Mullins and a Scott Corp. representative will appear before Smith County Commissioners at 9:30 Tuesday morning at the courthouse to consider creating a reinvestment zone for the property. Creation of the zone is necessary for the county and taxing districts for Tyler Junior College and the Smith County Emergency Services District to offer tax abatements to Hyponex.
If approved, Hyponex would bring 30-40 manufacturing jobs paying anywhere between $11 and $19 an hour to the facility. Mullins said at least 90 percent of the plant's workforce will be East Texans.
"Some of the management and maybe some of the technical positions, they may have to bring in from another area," Mullins said. "Most of these positions will be material handling and distribution positions."
Goodyear opened the plant in 1962 and operated for 36 years before closing its doors.

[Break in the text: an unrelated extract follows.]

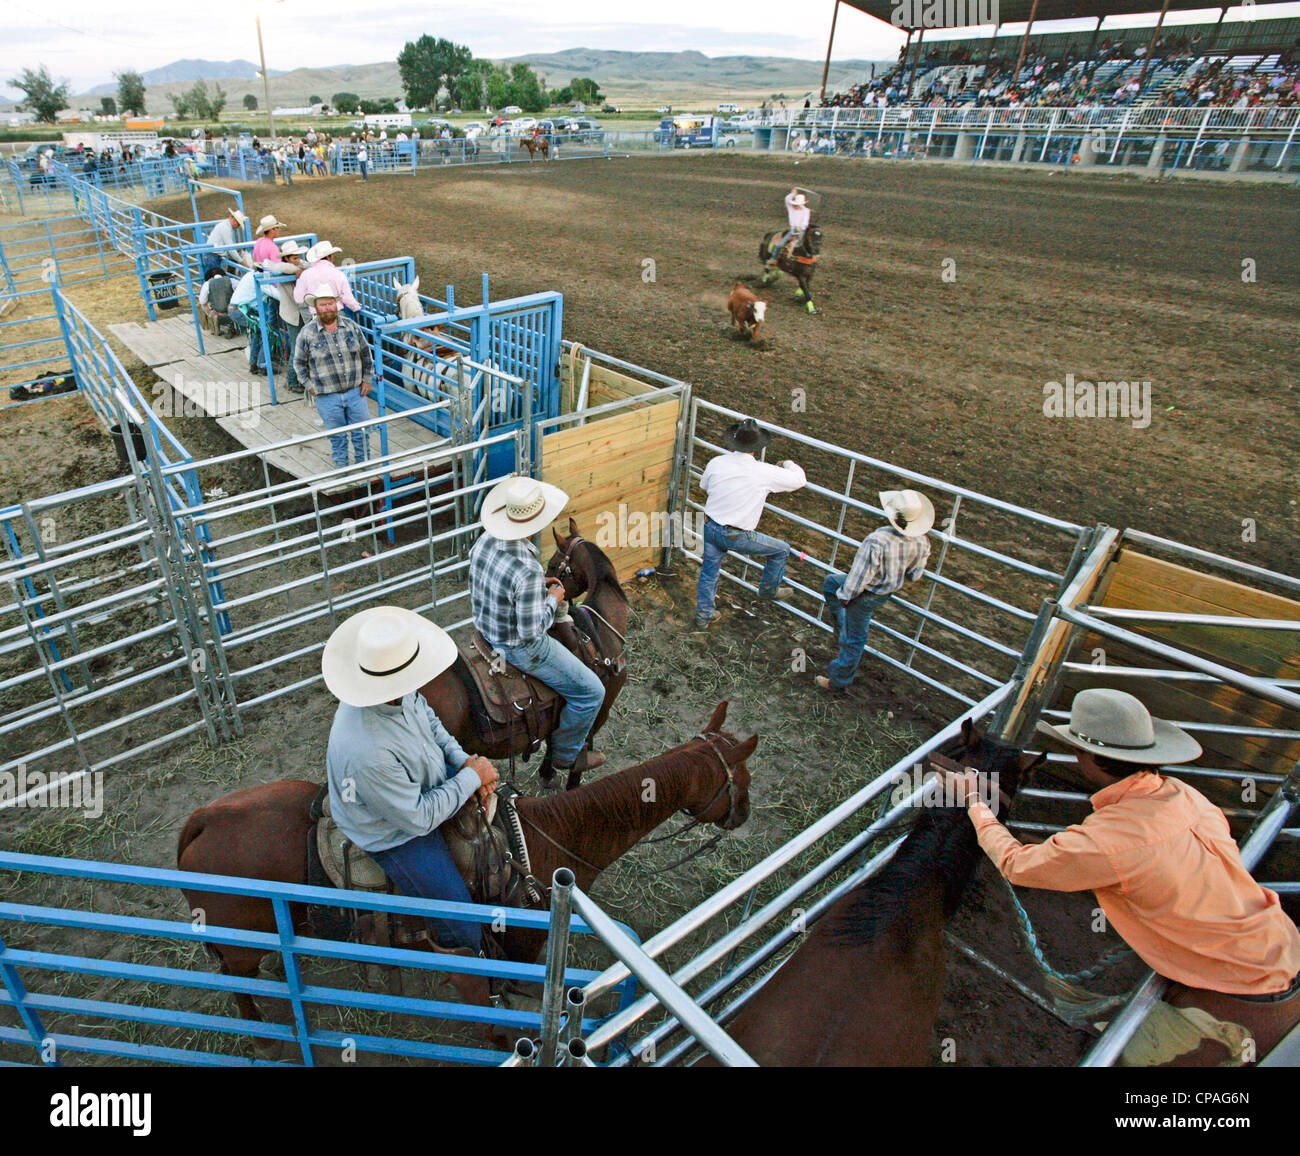 Stati Uniti d'America, Idaho, Fort Hall. Steer roping evento del rodeo tenutasi durante l'annuale Festival Shoshone-Bannock. Foto Stock

Since that time, at least three tenant prospects for the facility have fell through, Mullins said.
"It's always a negative for a community to have a big, empty facility like that," he said. "So, now we've got a big national group coming in there with a well-known name using a big share of the building."
Tyler EDC will continue searching for tenants to use the remaining 90-plus acres of property and warehouse at the plant, which is bordered on all sides by four-lane highways, Mullins added. It is also one-half mile from the planned Toll 49 and "a crow's flight" of about one-half mile from Tyler Pounds Regional Airport. Those infrastructure ingredients have Mullins and other economic leaders eyeing the former plant as another industrial park for the Tyler area, he said.